**Work to be completed**
A faithful copy of all the data is required; pictures should not be included.

**Collected material**
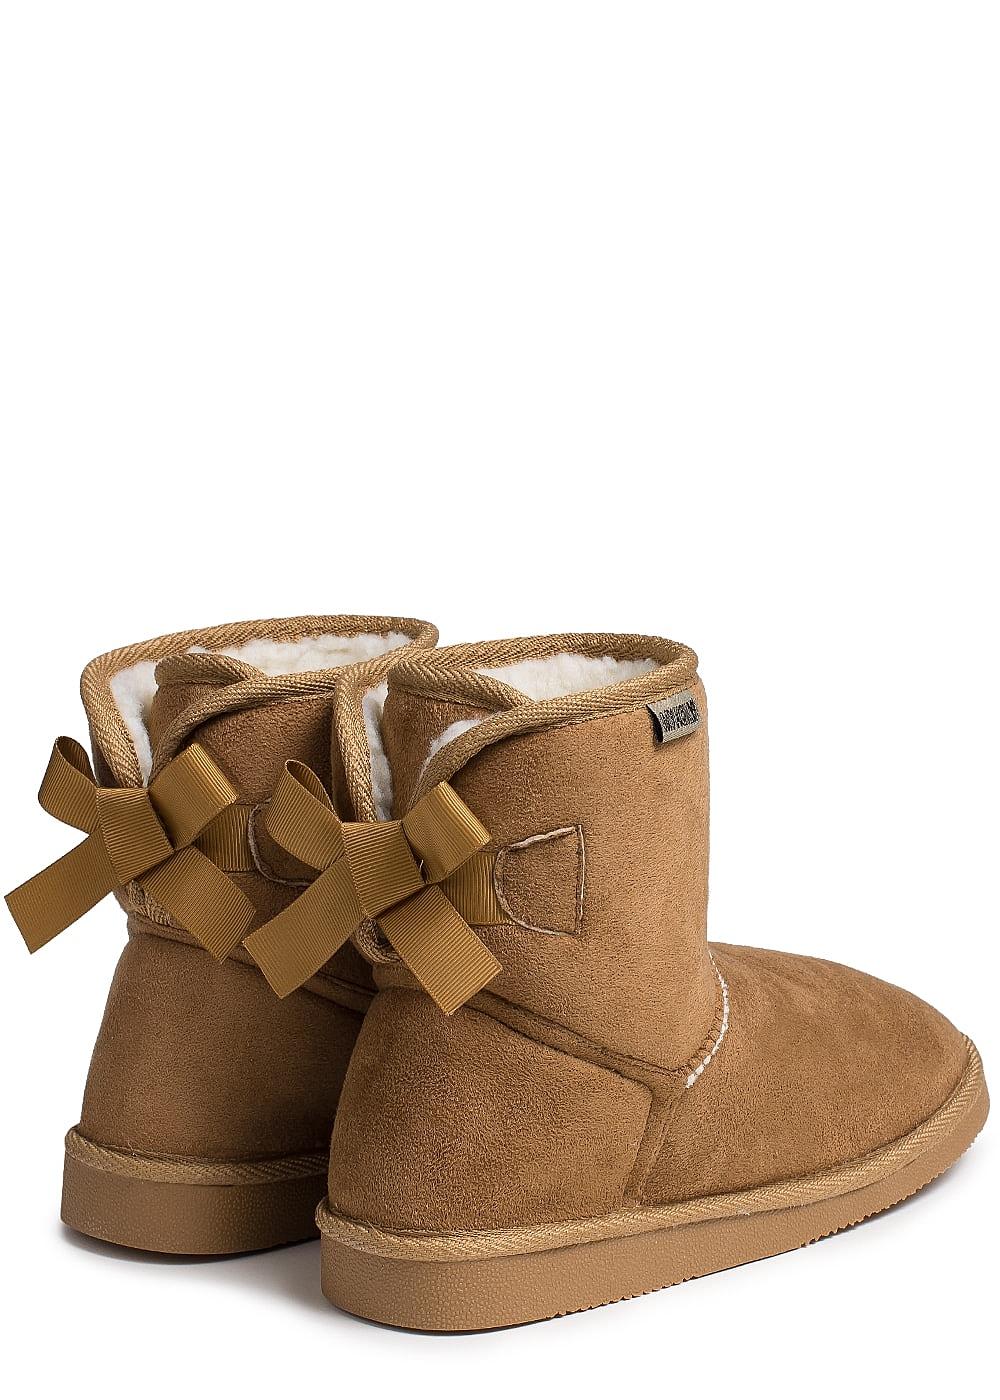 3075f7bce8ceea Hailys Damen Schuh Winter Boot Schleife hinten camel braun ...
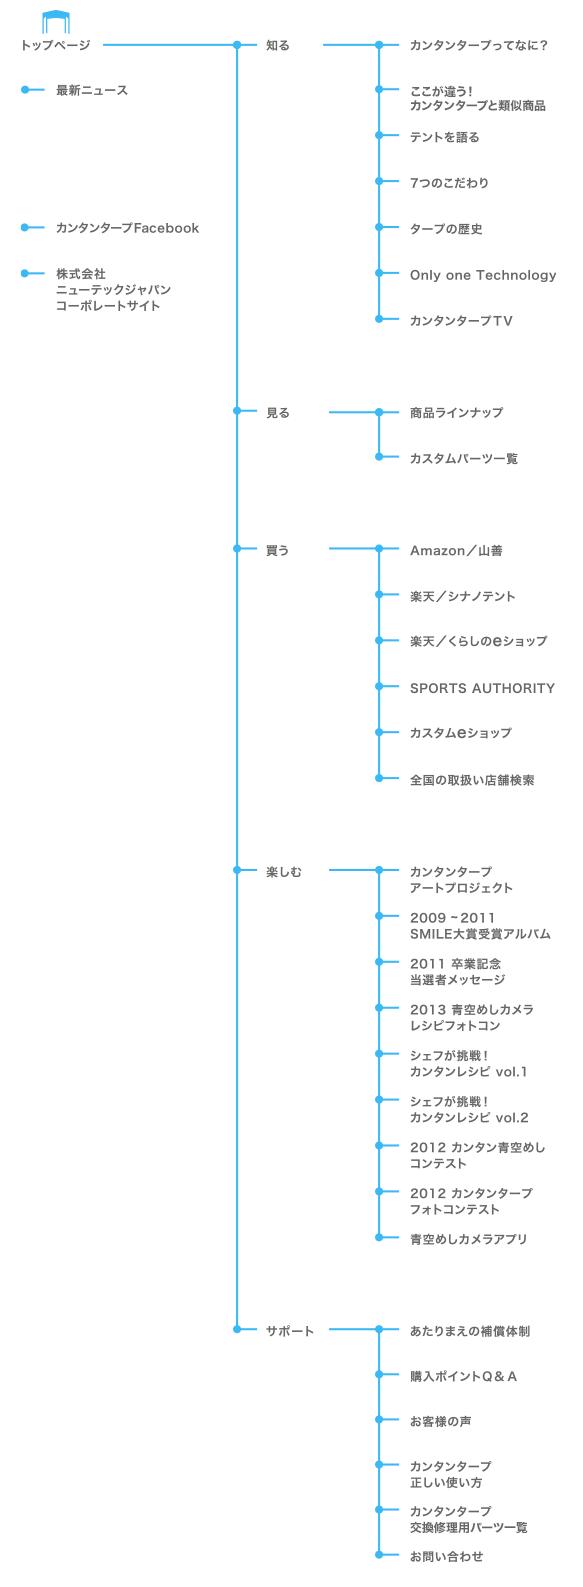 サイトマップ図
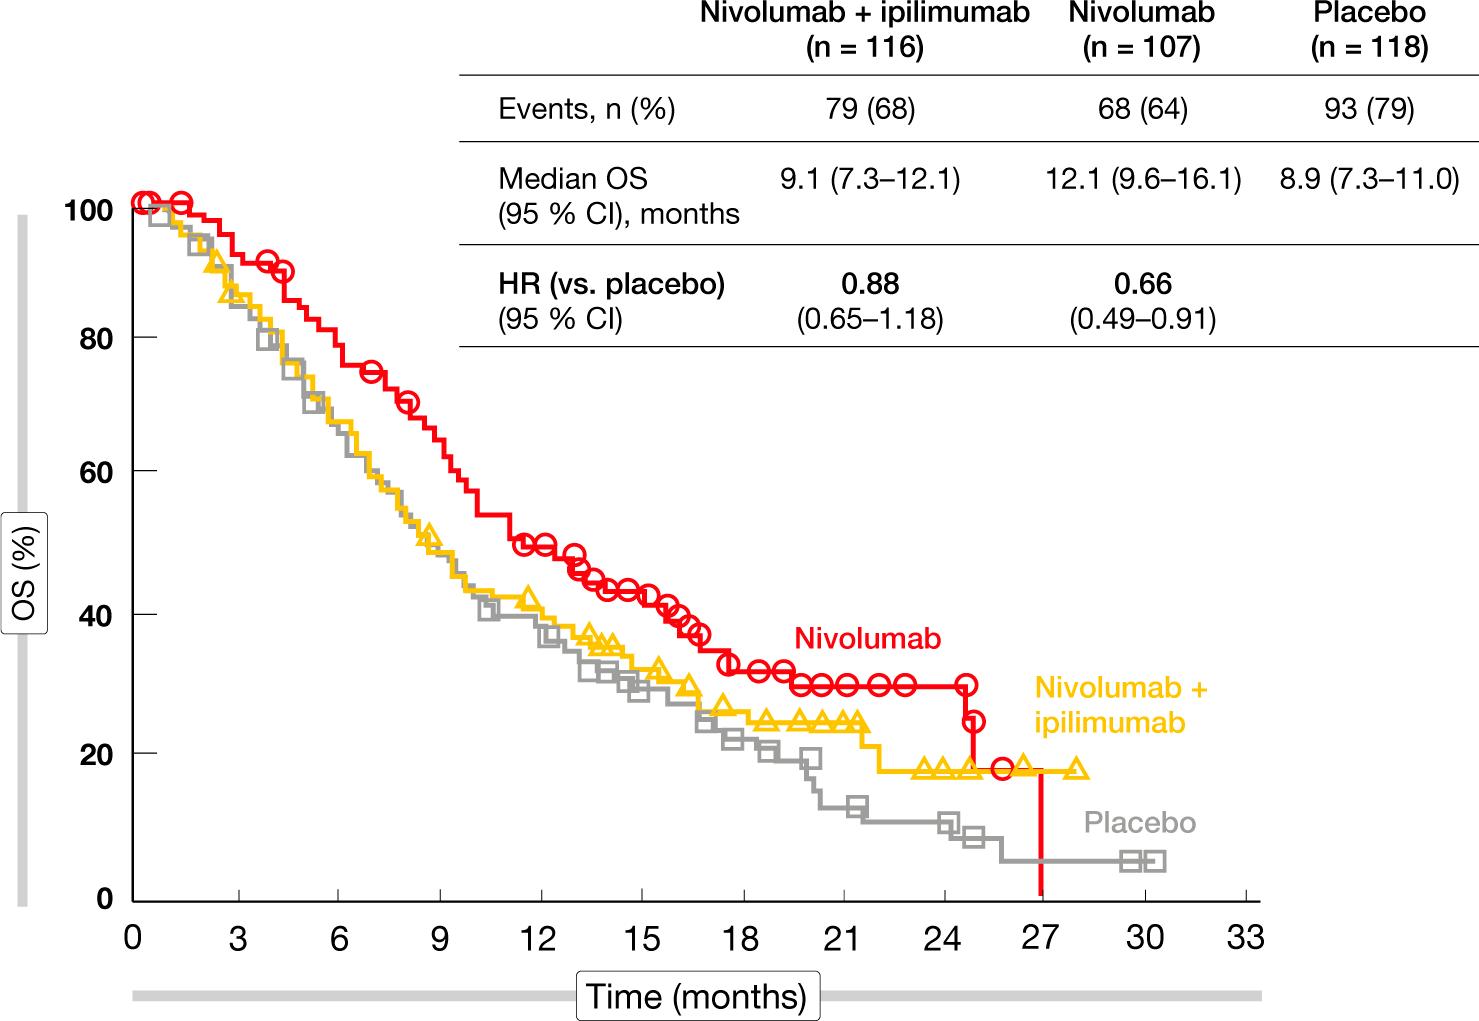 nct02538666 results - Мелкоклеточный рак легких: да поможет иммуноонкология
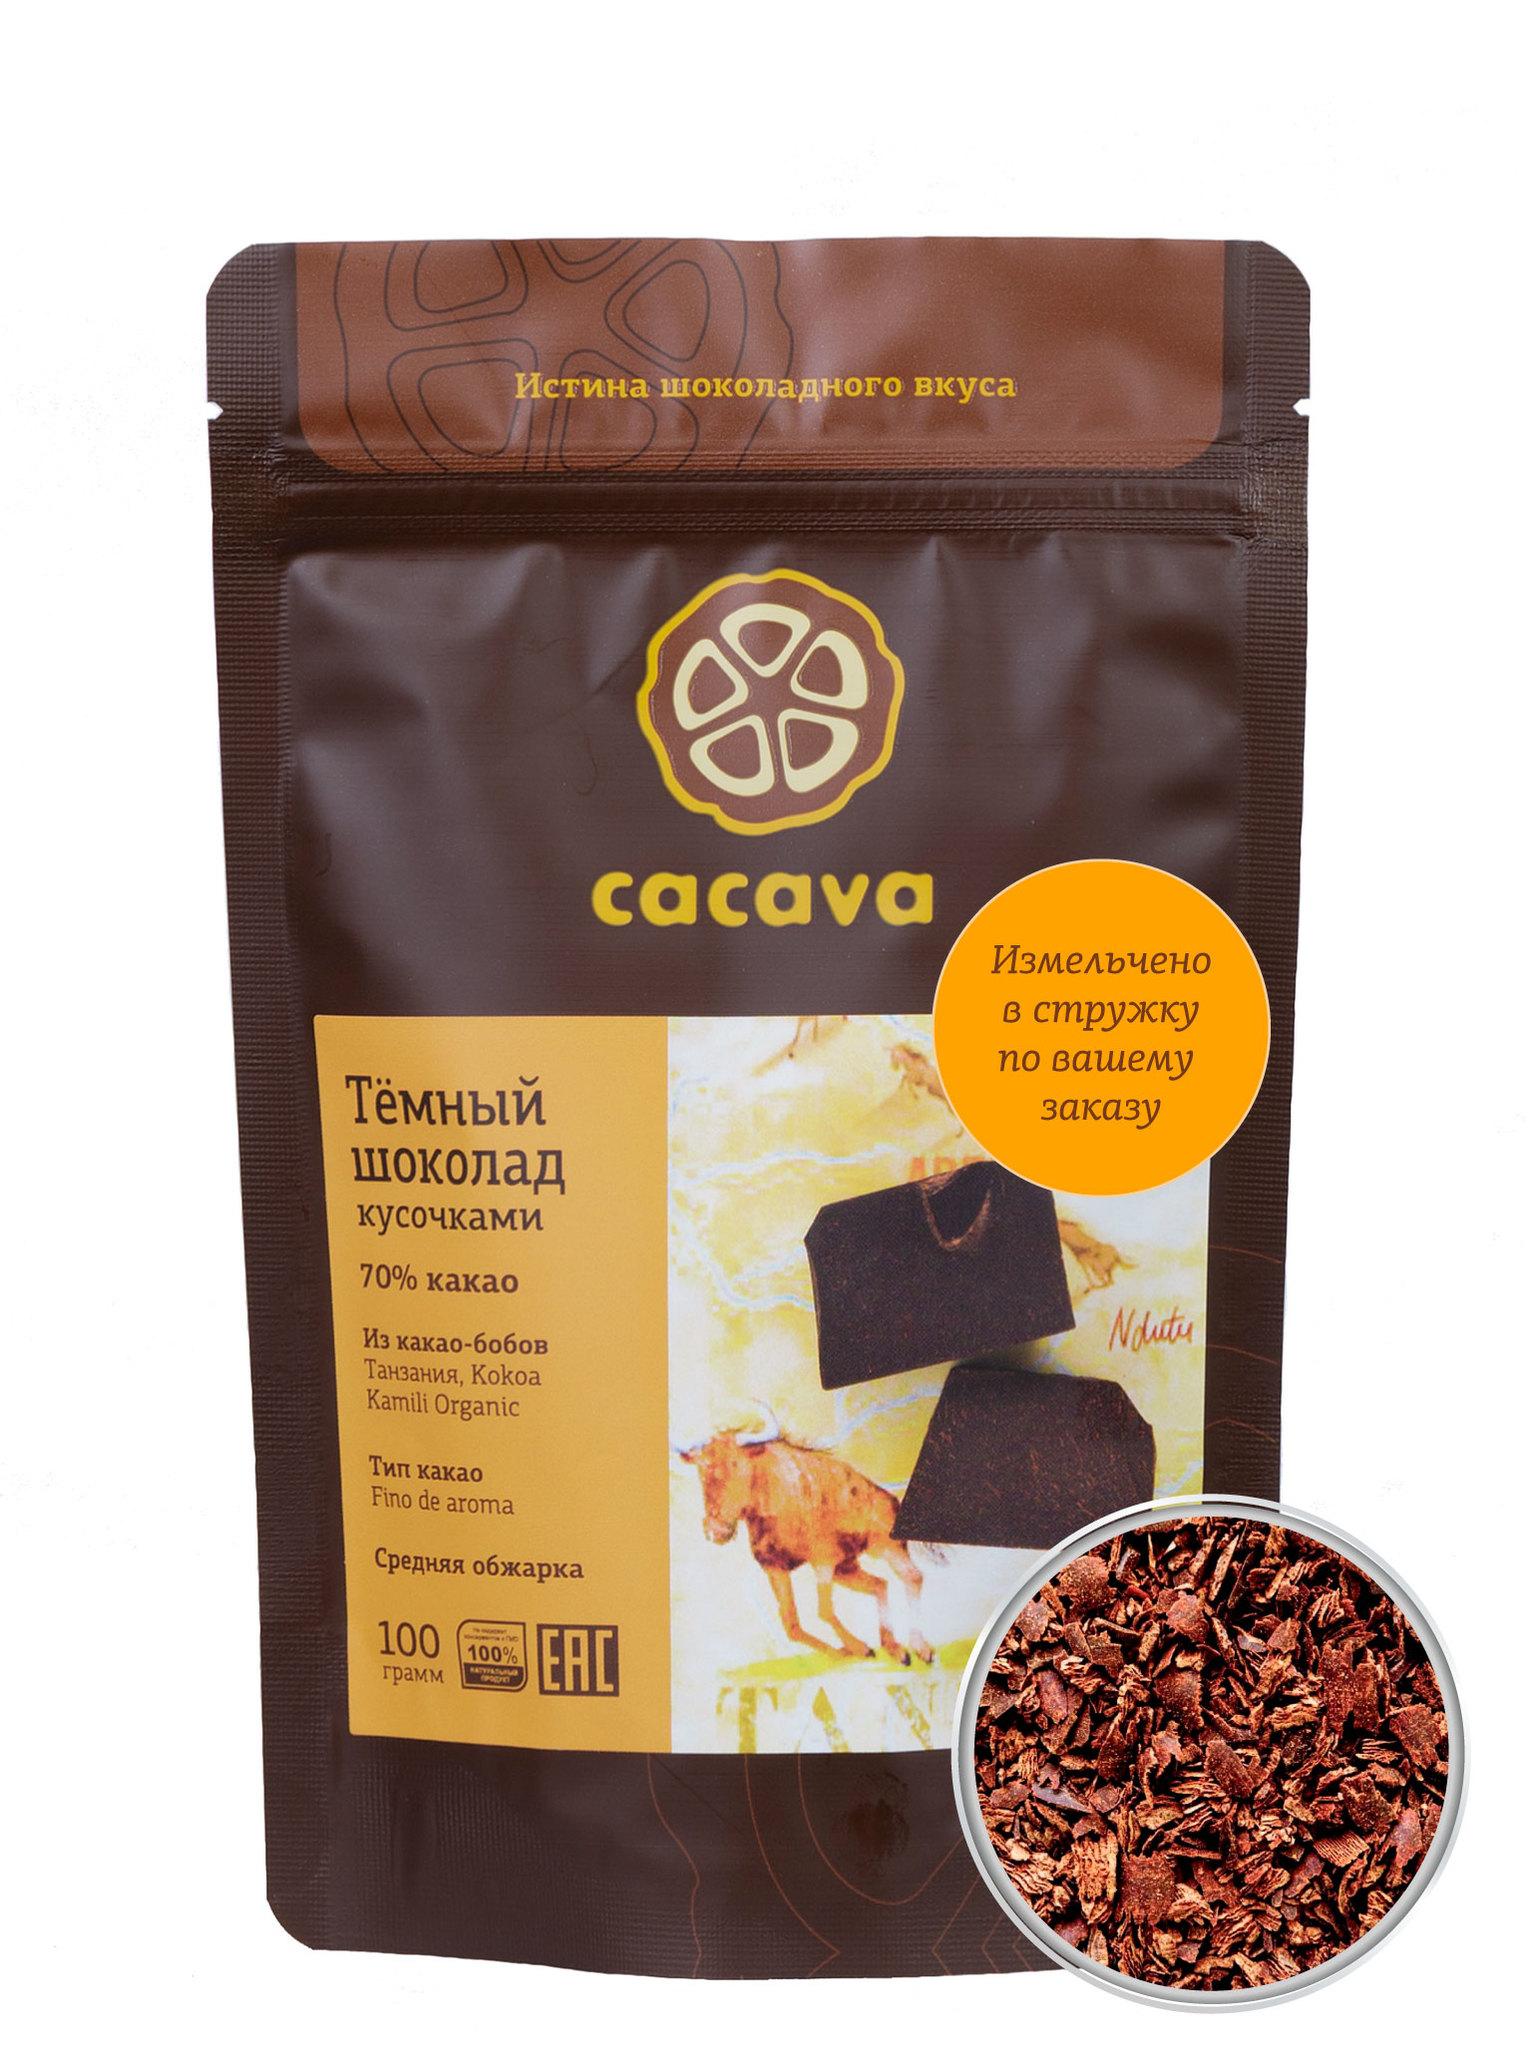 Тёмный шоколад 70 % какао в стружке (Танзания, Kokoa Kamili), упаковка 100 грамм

**Expected answer**
 3075f7bce8ceea Hailys Damen Schuh Winter Boot Schleife hinten camel braun ...
 サイトマップ図
 nct02538666 results - Мелкоклеточный рак легких: да поможет иммуноонкология
 Тёмный шоколад 70 % какао в стружке (Танзания, Kokoa Kamili), упаковка 100 грамм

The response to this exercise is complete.